SOURCE DATA:
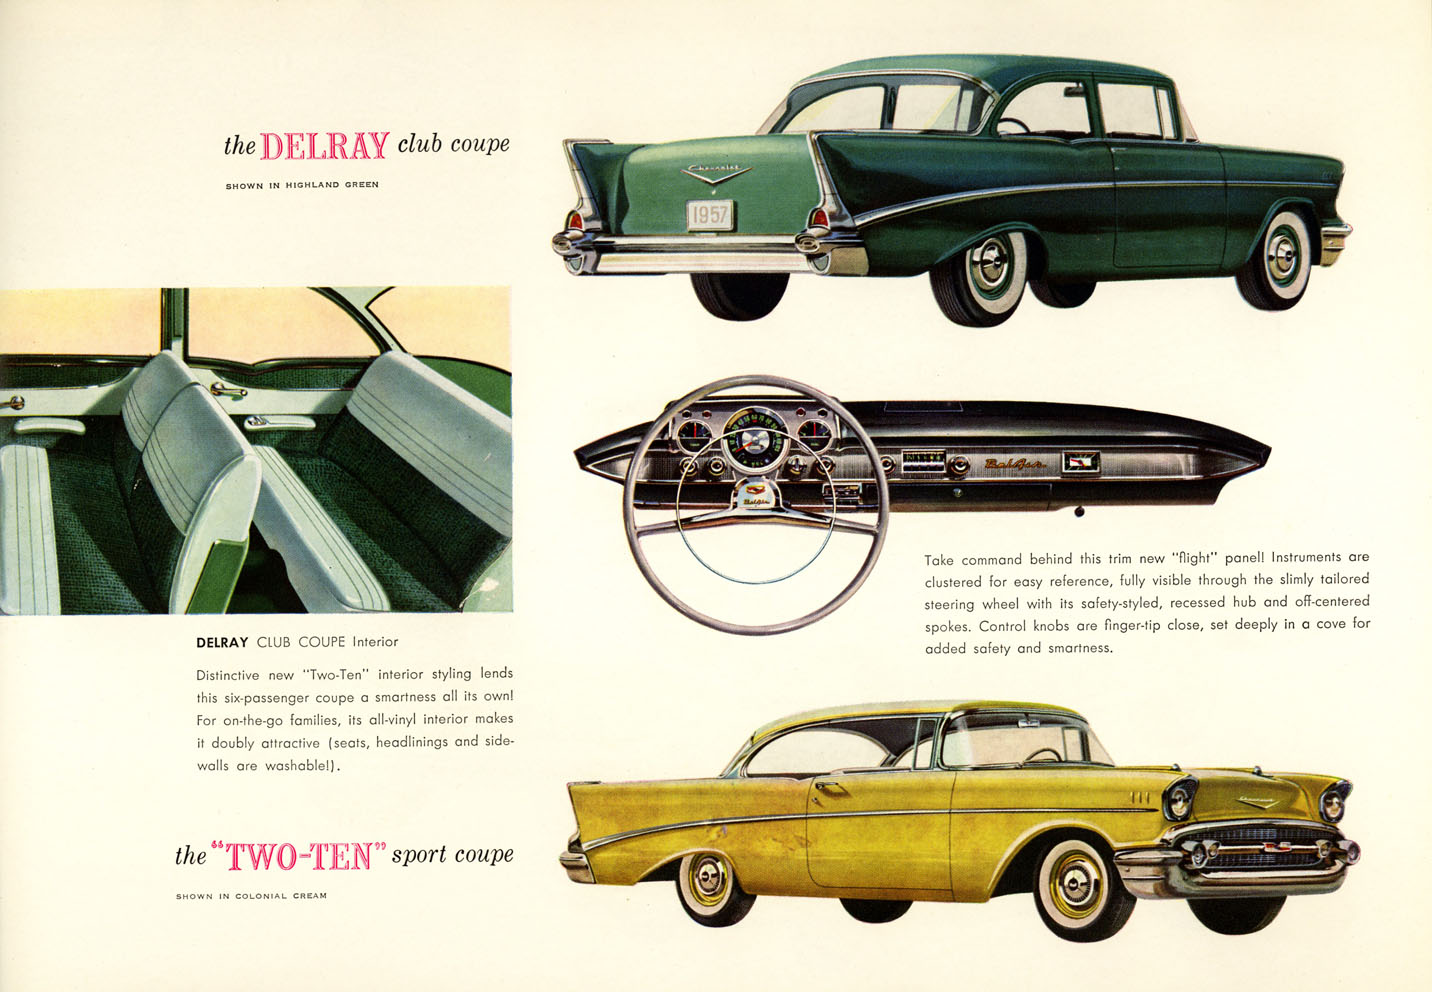 57 Chevy wagons were “born with a wanderlust”
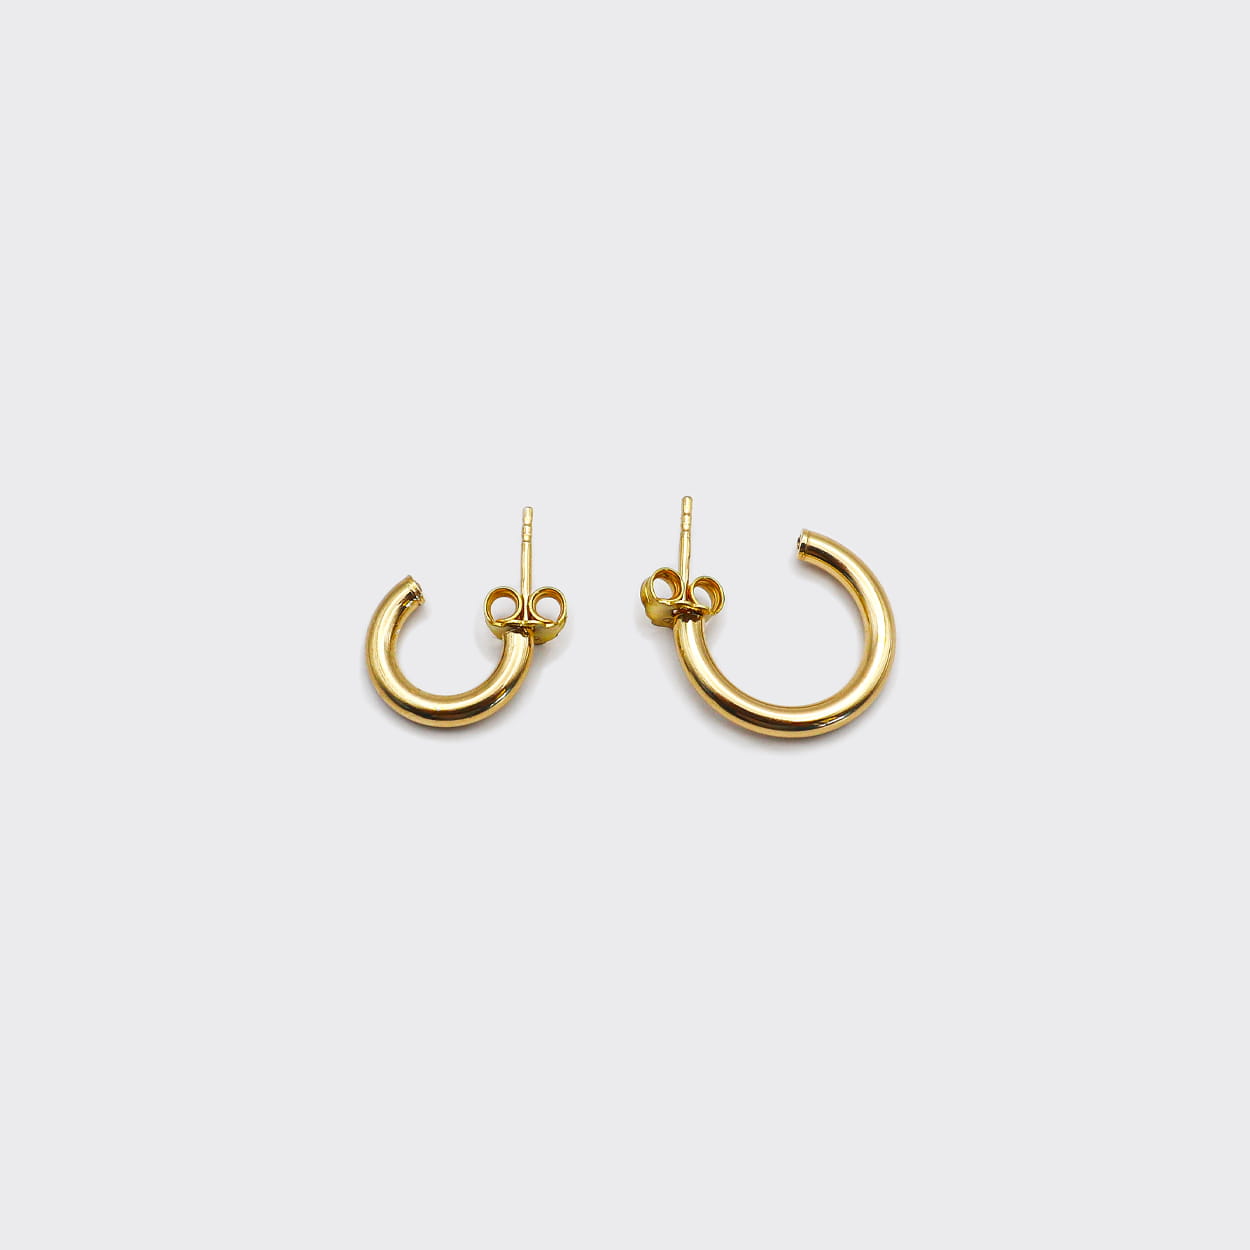 The Hoop 23 is a unisex, timeless and elegant earring designed by Atelier Domingo's. It is crafted in Italy and made of solid 925 Sterling silver with a high-quality 18 karat gold plating. It is a tribute to the famous number 23 of the Chicago Bulls. It is made to be worn every day, by men and women.
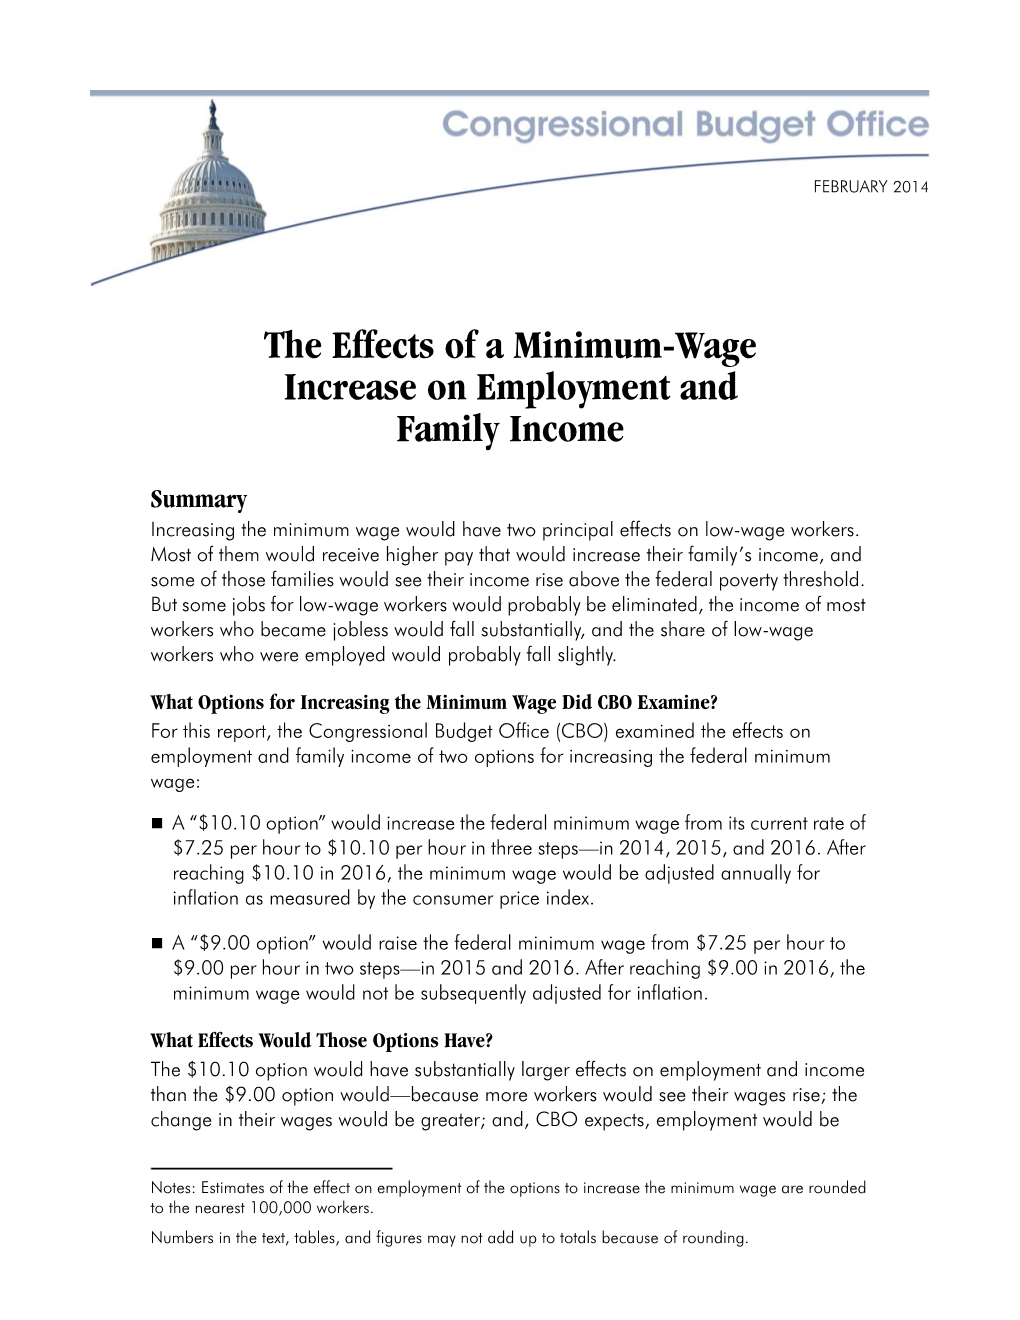 The Effects of a Minimum-Wage Increase on Employment and Family Income
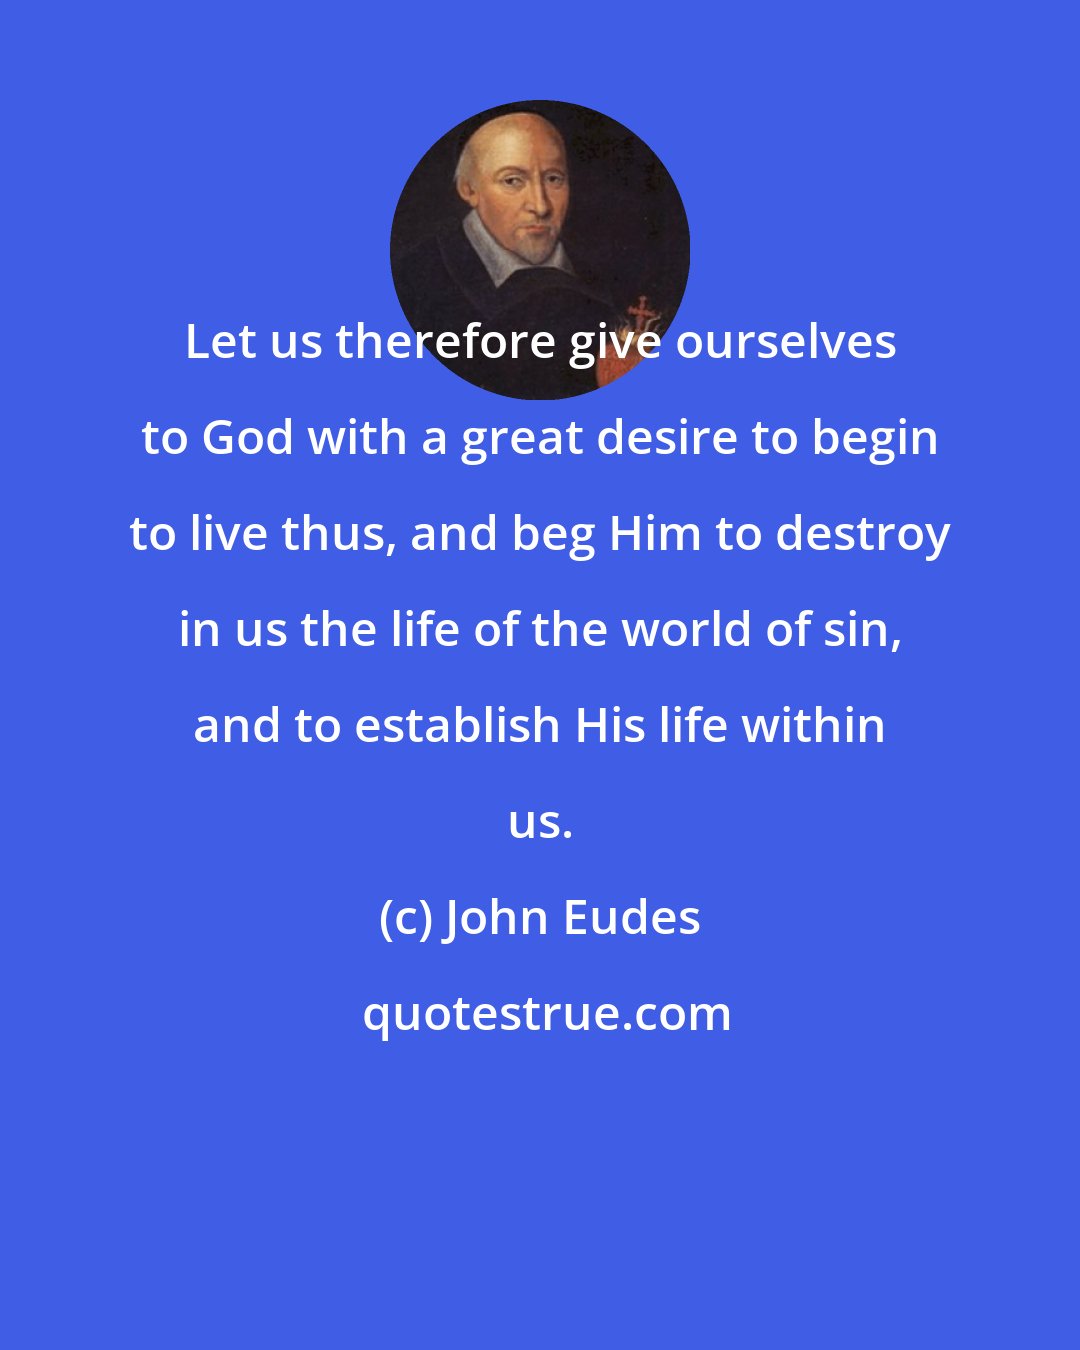 John Eudes: Let us therefore give ourselves to God with a great desire to begin to live thus, and beg Him to destroy in us the life of the world of sin, and to establish His life within us.

EXERCISE INSTRUCTIONS: A faithful, word-for-word copy of the data is needed; the pictures should not appear in it.

RESULT:
 57 Chevy wagons were “born with a wanderlust”
 The Hoop 23 is a unisex, timeless and elegant earring designed by Atelier Domingo's. It is crafted in Italy and made of solid 925 Sterling silver with a high-quality 18 karat gold plating. It is a tribute to the famous number 23 of the Chicago Bulls. It is made to be worn every day, by men and women.
 The Effects of a Minimum-Wage Increase on Employment and Family Income
 John Eudes: Let us therefore give ourselves to God with a great desire to begin to live thus, and beg Him to destroy in us the life of the world of sin, and to establish His life within us.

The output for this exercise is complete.